Written by on March 26, 2018

Note: Cambridge Analytica that has been headline news for the last week!  It may be nearer home than you think!  Note the name Strategic Communications Laboratory.  Ask a certain well-known Grenadian journalist, who  worked in St. Kitts elections  ” where  I had the opportunity to watch them up close and personal – but for confidentiality reasons, not at liberty to discuss”.  WE THE PEOPLE


This week we’ve been gripped by revelations about the tactics employed by Cambridge Analytica (CA) to influence elections using data collected – possibly illegally – from Facebook users’ accounts.

A lot of the focus has been on what role the company played in votes in the US and UK, but the firm has also been linked to campaigns in Czech Republic, India, Italy, Kenya, Mexico, Malaysia Nigeria and Ukraine, making this a truly worldwide phenomenon.

New technologies can be a double-edged sword.
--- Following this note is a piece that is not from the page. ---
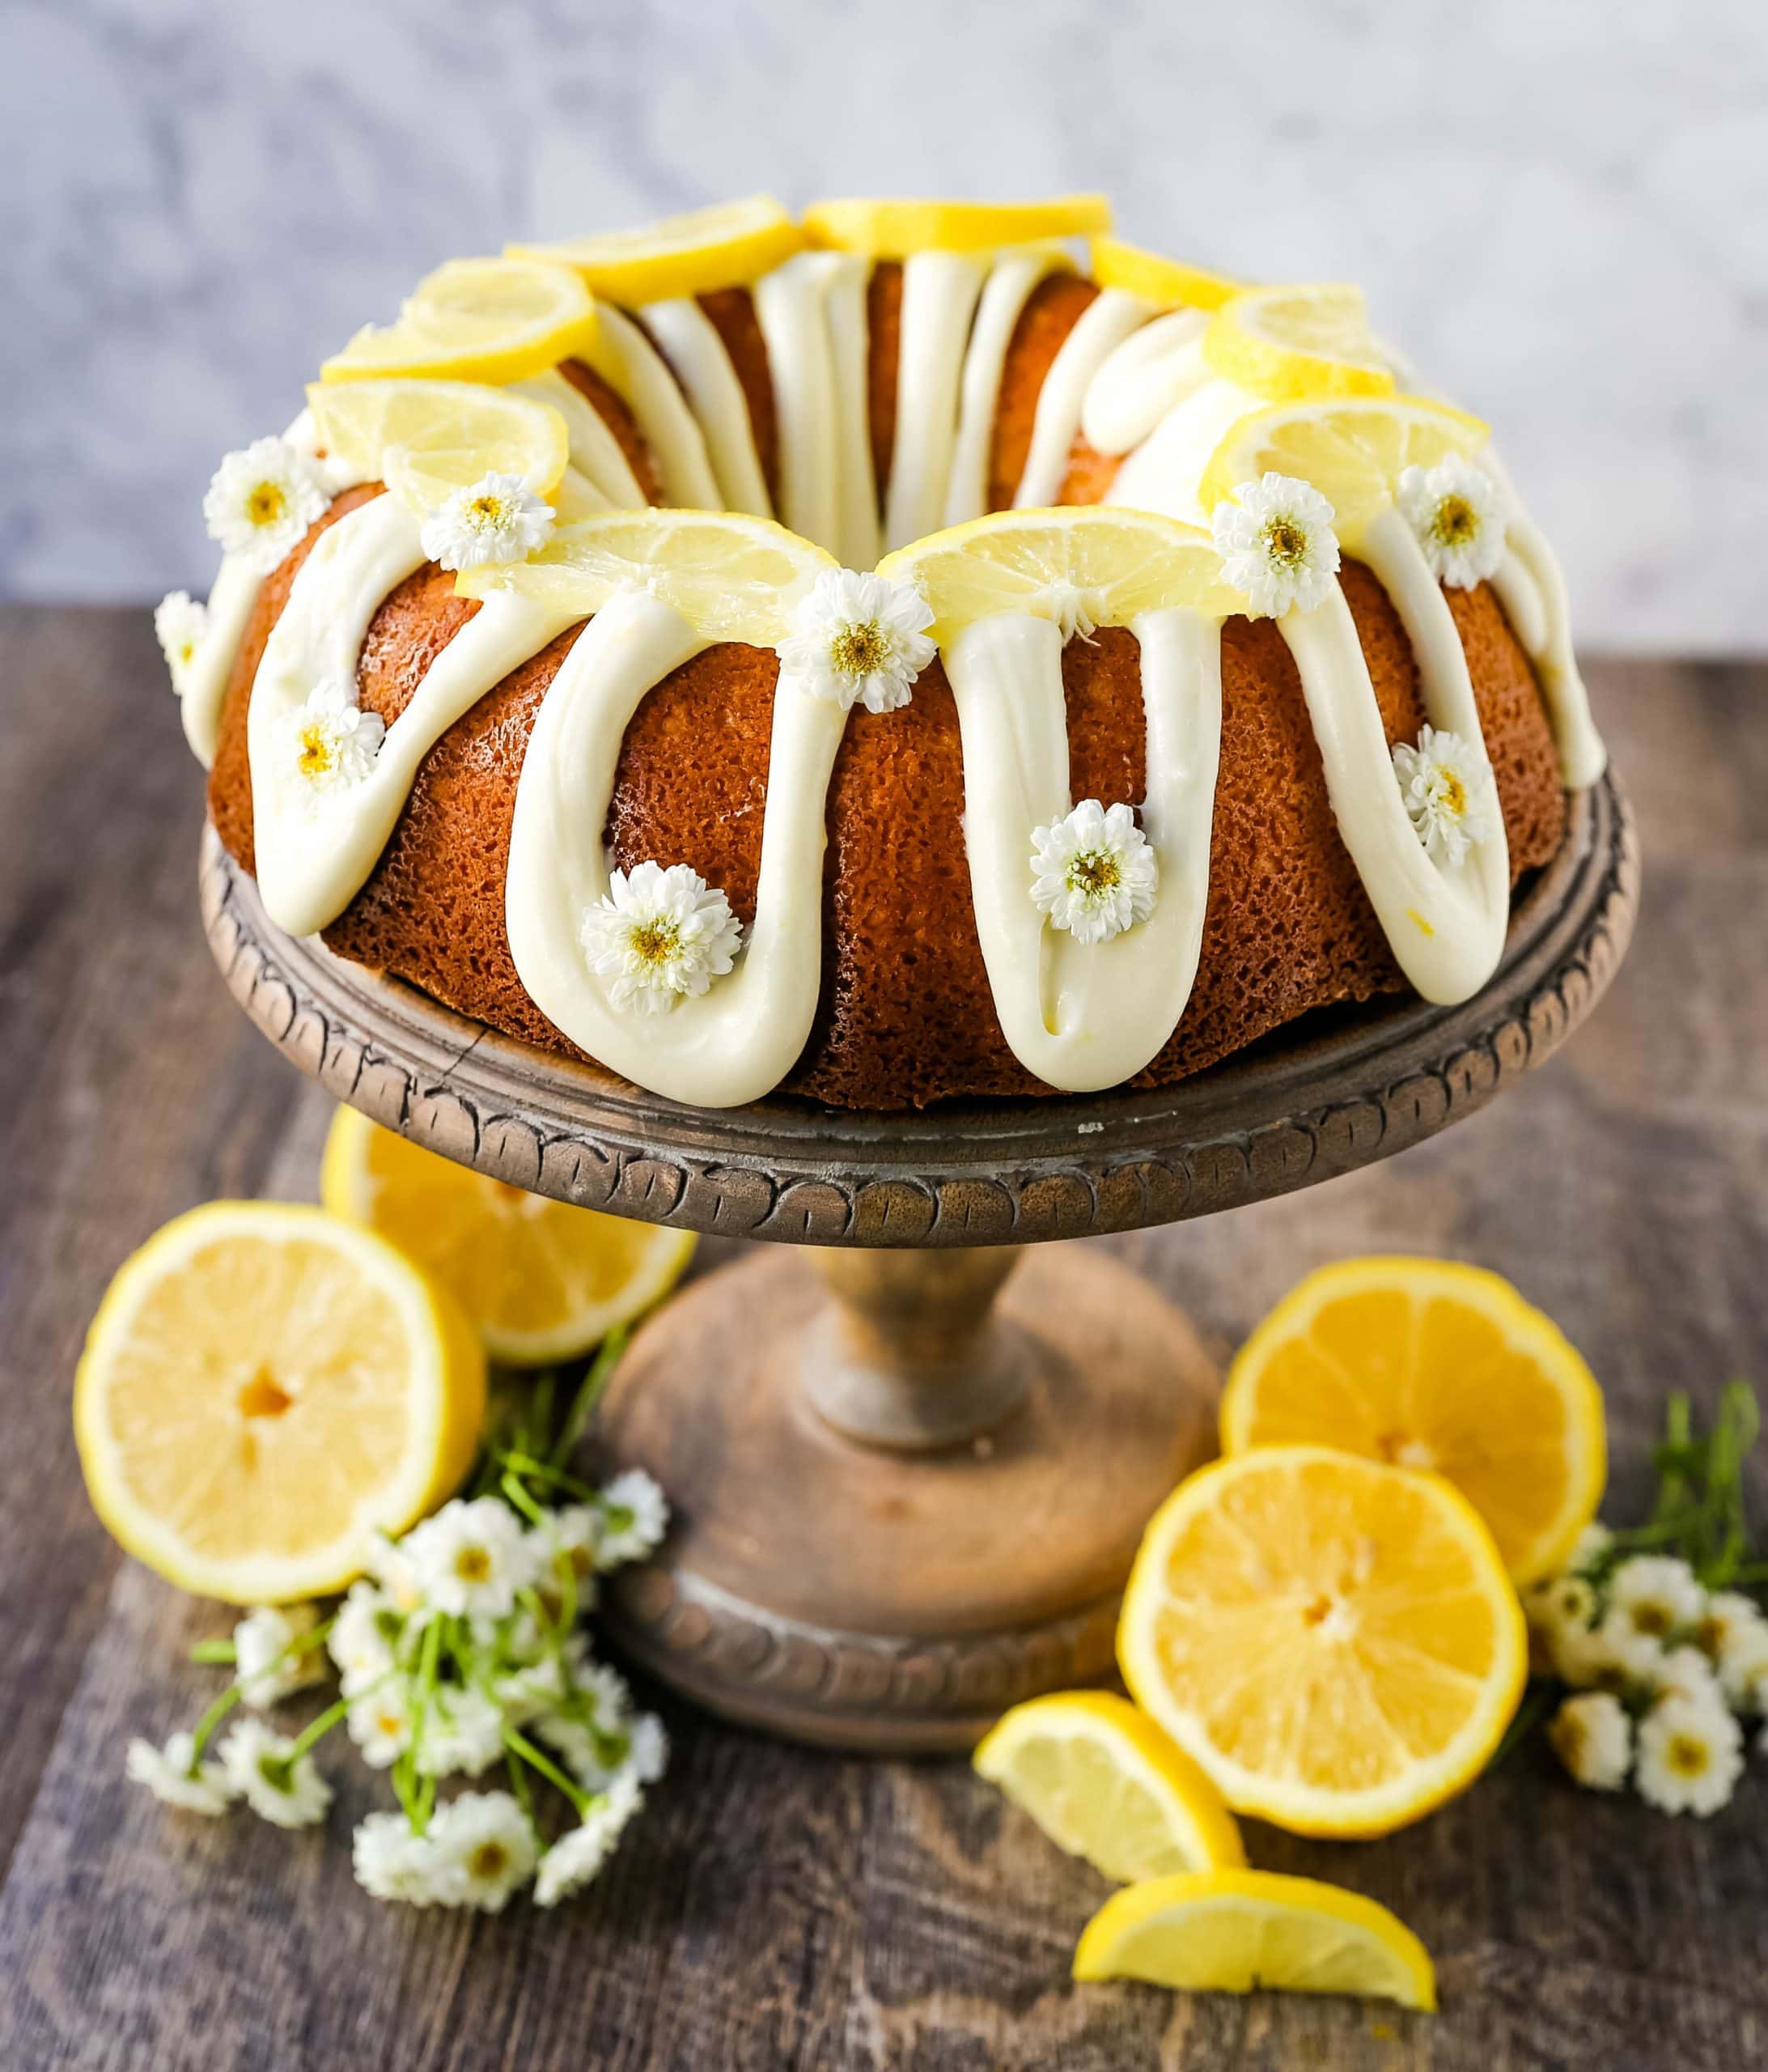 Lemon Bundt Cake. Moist, flavorful lemon bundt cake with a fresh cream cheese lemon glaze. Tips and tricks for making the perfect lemon bundt cake. www.modernhoney.com #lemoncake #lemonbundtcake #bundtcake #cake

Social media has transformed how the public call out the corrupt and demand change. But what happens when the data these tools generate about their users is used as part of a murky process to influence elections? Is this corruption?

The now-suspended CEO of CA, Alexander Nix, told undercover reporters that some emails between the company and its clients automatically self-destruct, leaving no electronic paper trail for investigators looking into potential election fraud allegations.

Moreover, the actual identities of companies working on elections were hidden, presumably through shell companies. “No one even knew they were there,” said another CA executive of an operation in Eastern Europe.

The scandal highlights how election laws in many countries have loopholes that allow special interests to buy influence. In some cases, regulations are often lacking altogether, making it harder to pinpoint exactly how corporations or politicians have crossed the line. That’s particularly true here – the scandal around Facebook and Cambridge Analytica indicates a new battleground in the fight against political corruption.

At the same time, the old-school, ‘suitcases full of cash’ method of buying influence is still with us.

This week former French president Nikolas Sarkozy was charged over allegations that he received up to 50 million Euros towards his 2007 election campaign from Muammar Gadaffi’s regime in Libya.

And in Peru, President Pedro Pablo Kuczynski has resigned over a vote-buying scandal. You might remember that back in December Kuczynski survived an impeachment vote after pardoning one of his corruption-accused predecessors, Alberto Fujimori. Now, new videos appear to show Kuczynksi’s allies offering up a share of public contracts in return for support in a second impeachment vote.

Times change, but corruption is unfortunately a constant.

So is our commitment to fighting it.